- Data shown
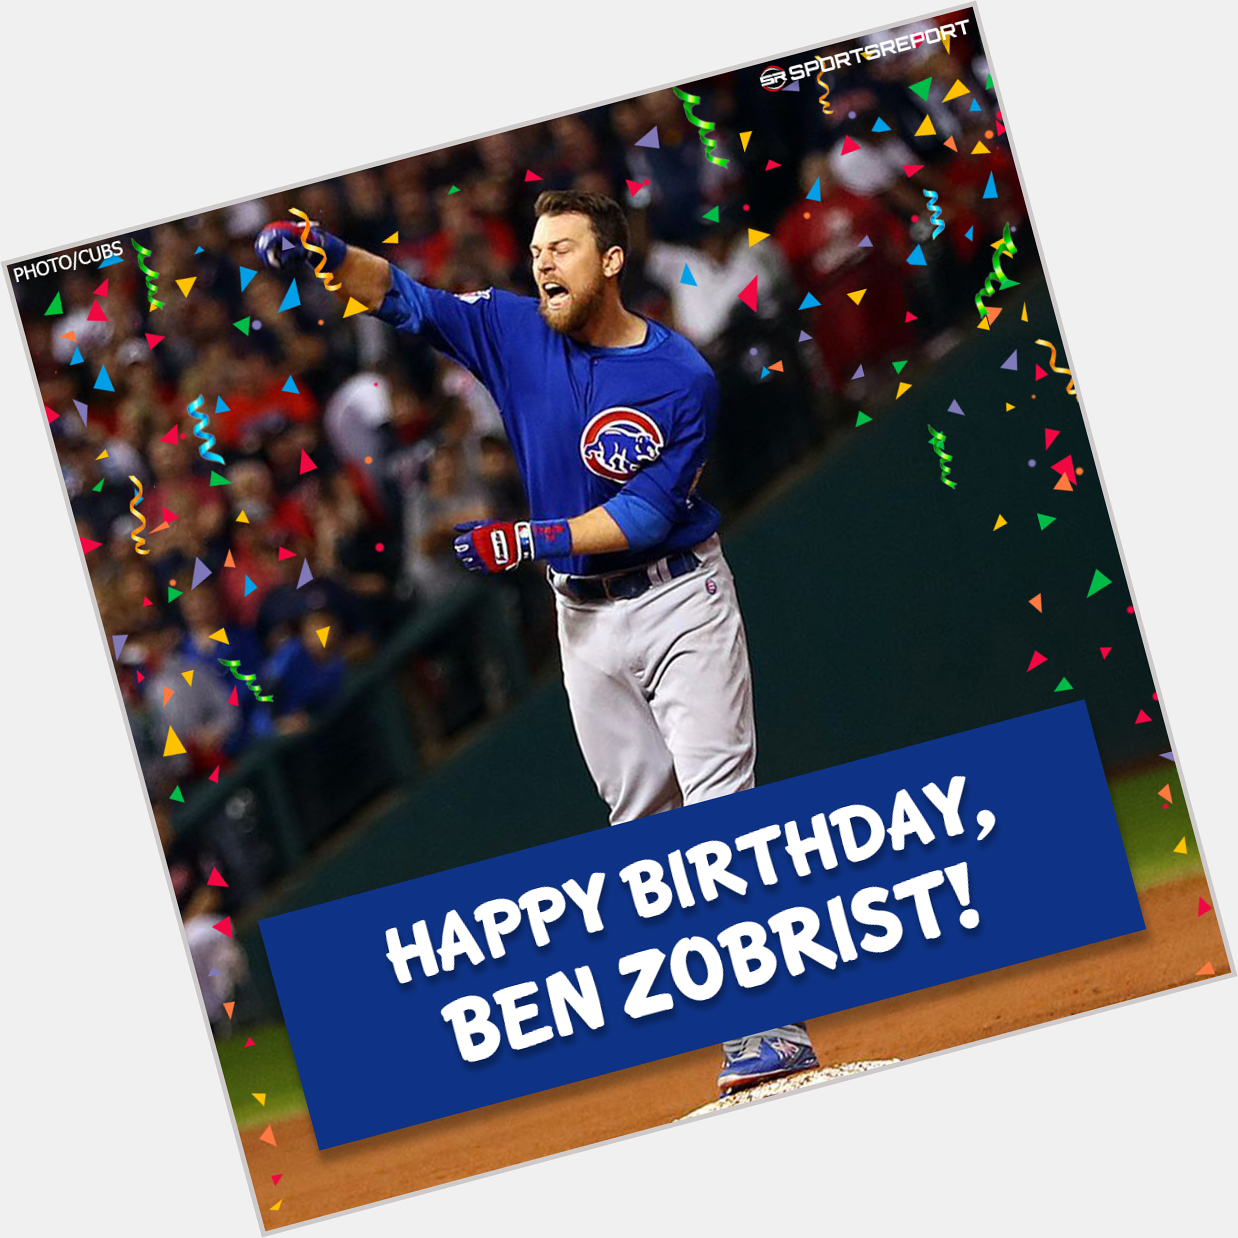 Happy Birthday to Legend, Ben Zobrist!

* * *

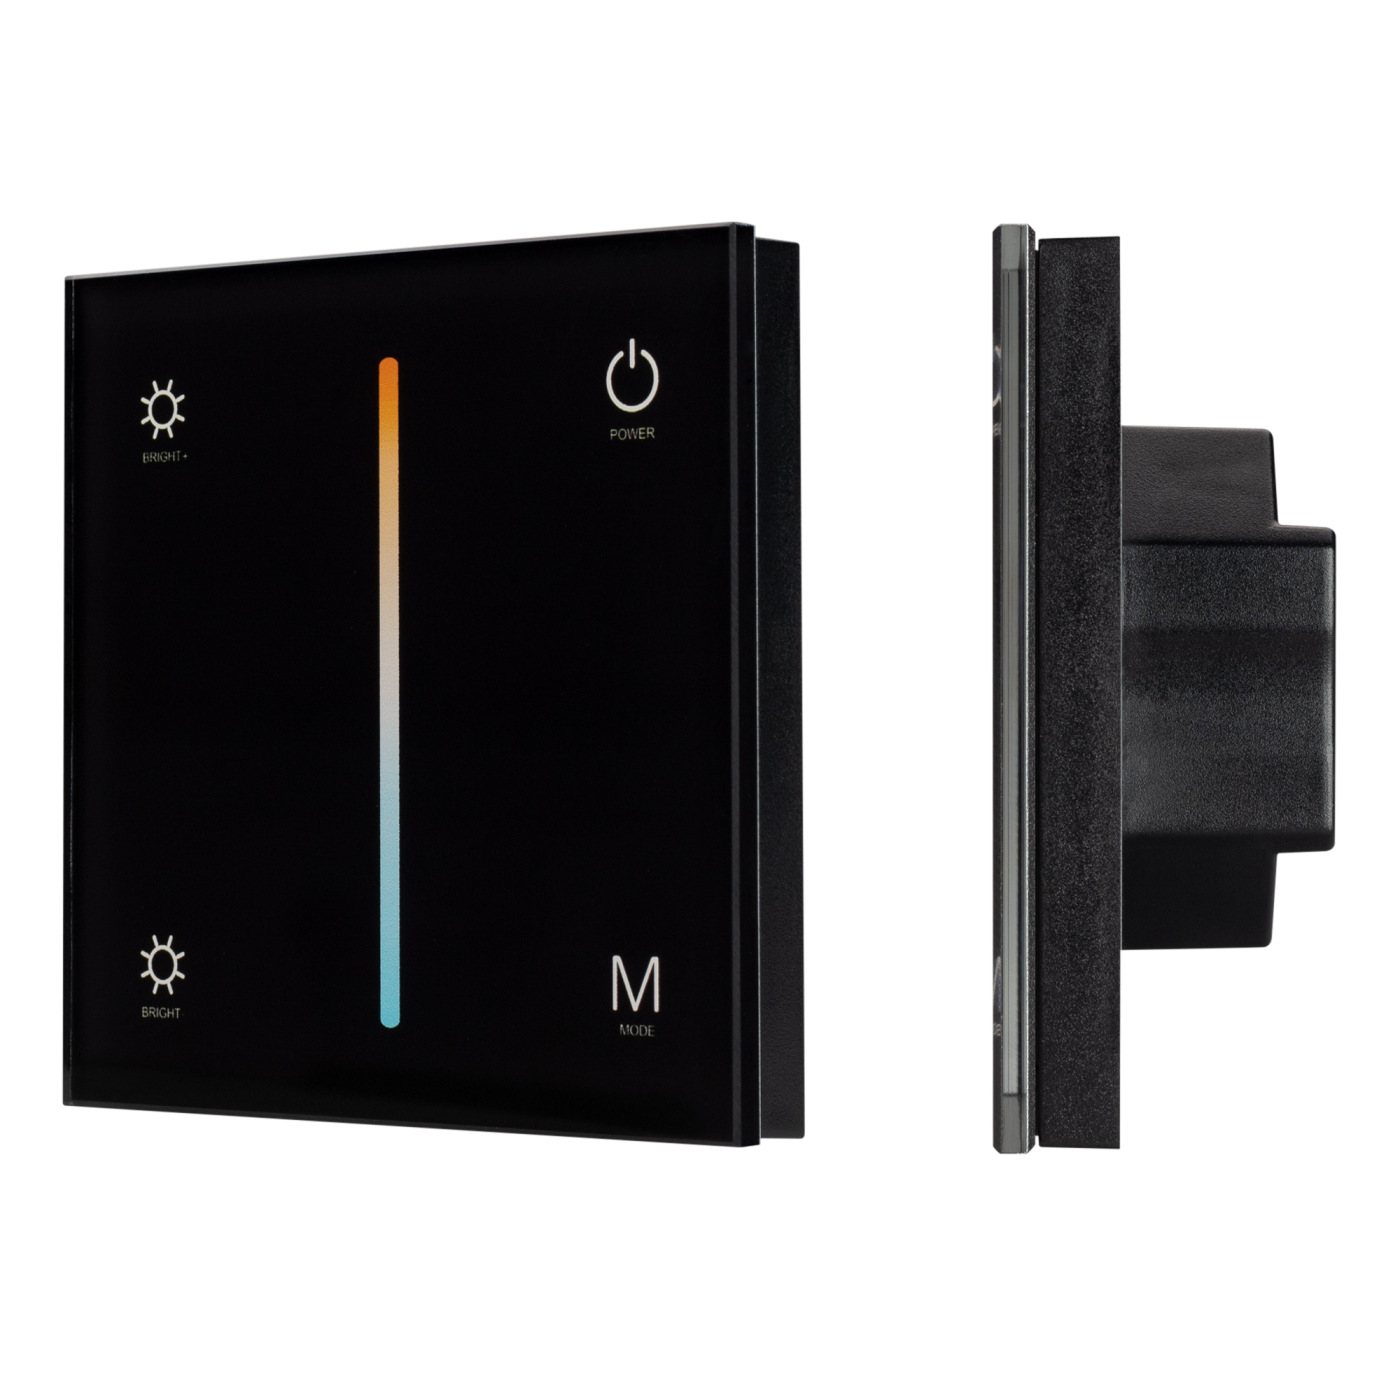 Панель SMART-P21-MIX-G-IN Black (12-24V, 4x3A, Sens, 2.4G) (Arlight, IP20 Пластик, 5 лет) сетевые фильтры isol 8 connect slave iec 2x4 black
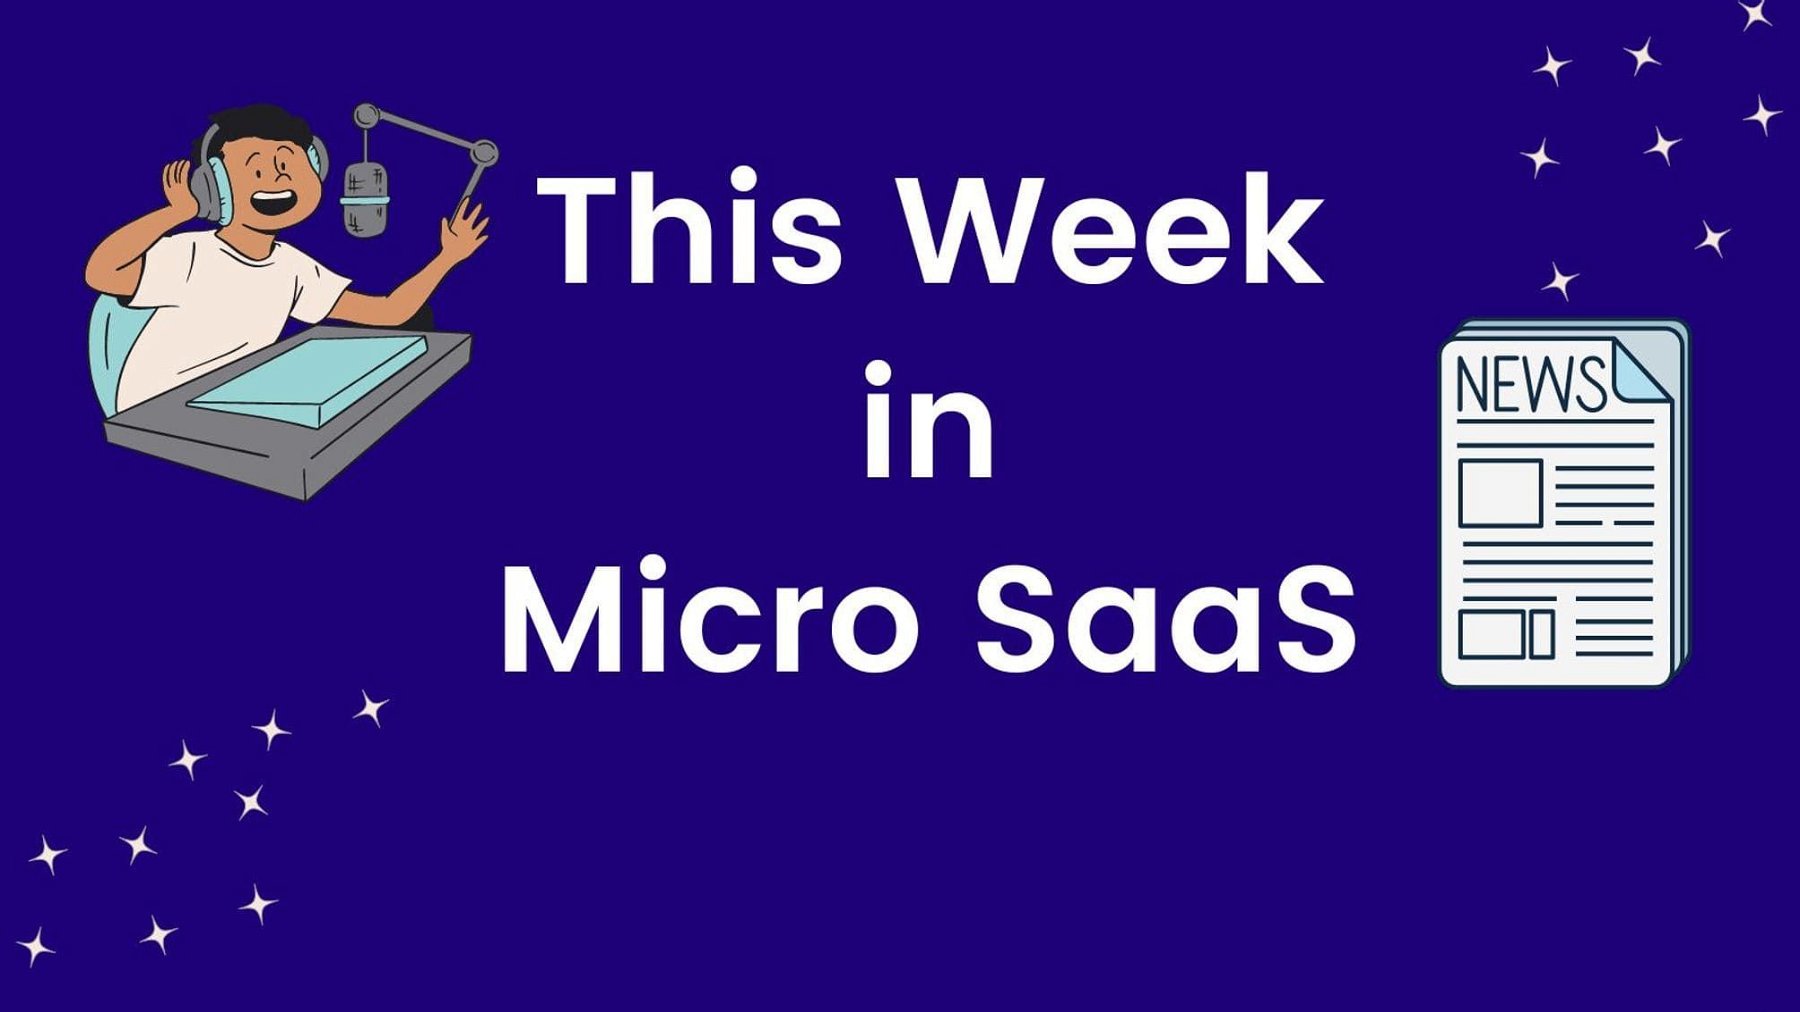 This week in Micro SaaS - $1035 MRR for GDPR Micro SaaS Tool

---

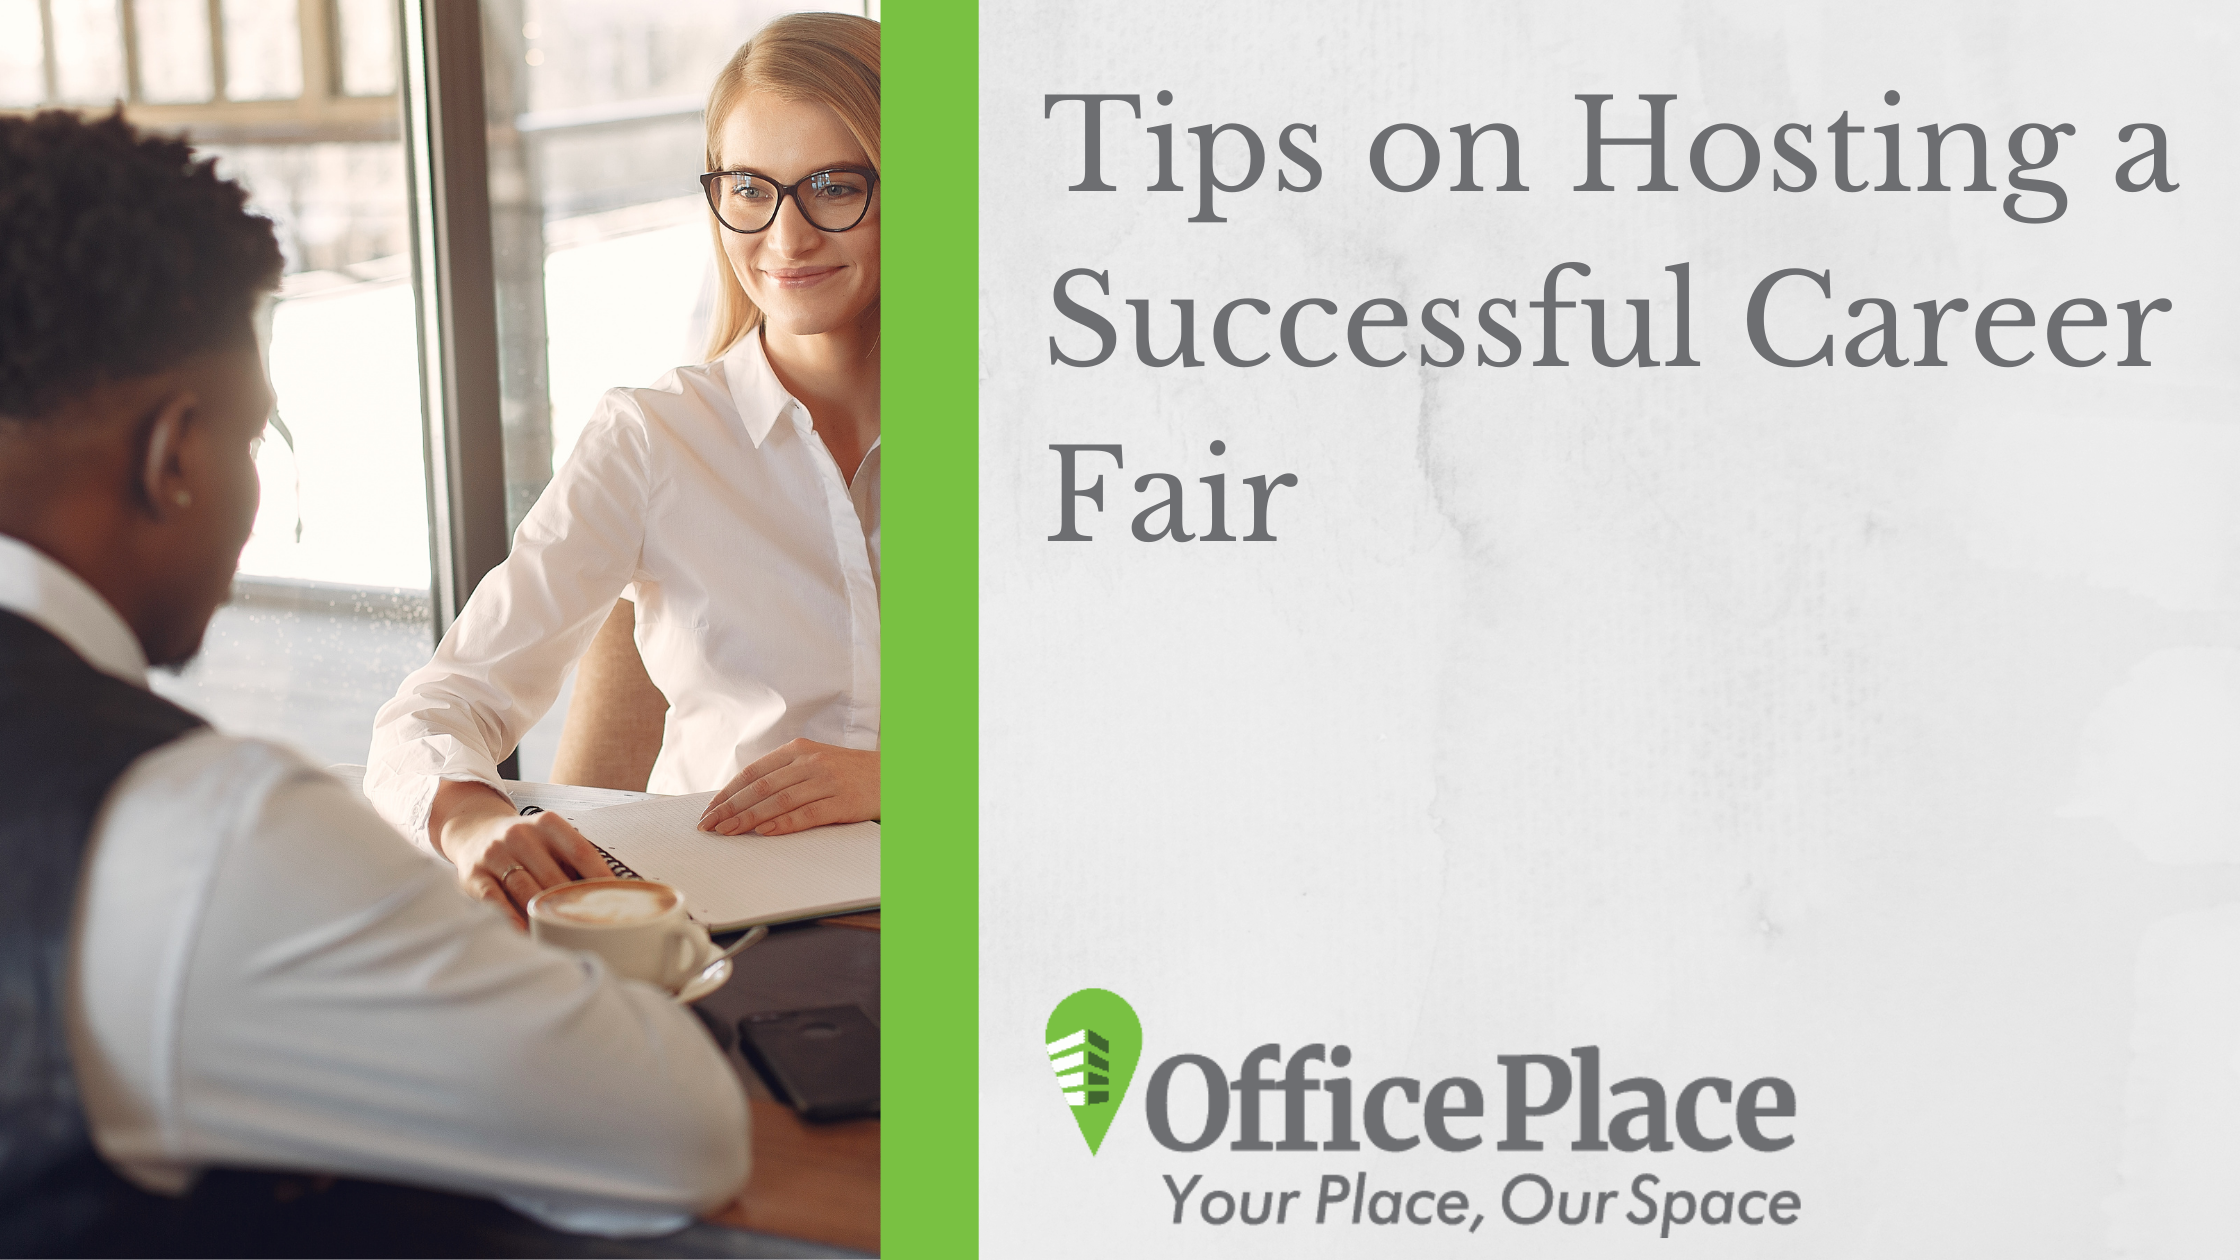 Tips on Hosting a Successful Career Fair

- Task brief
From the records above, transcribe exactly the lines starting at the one containing "Панель SMART-P21-MIX-G-IN Black" and ending at the one containing "This week in". Skip the pictures.

- Exercise result
 Панель SMART-P21-MIX-G-IN Black (12-24V, 4x3A, Sens, 2.4G) (Arlight, IP20 Пластик, 5 лет) сетевые фильтры isol 8 connect slave iec 2x4 black
 This week in Micro SaaS - $1035 MRR for GDPR Micro SaaS Tool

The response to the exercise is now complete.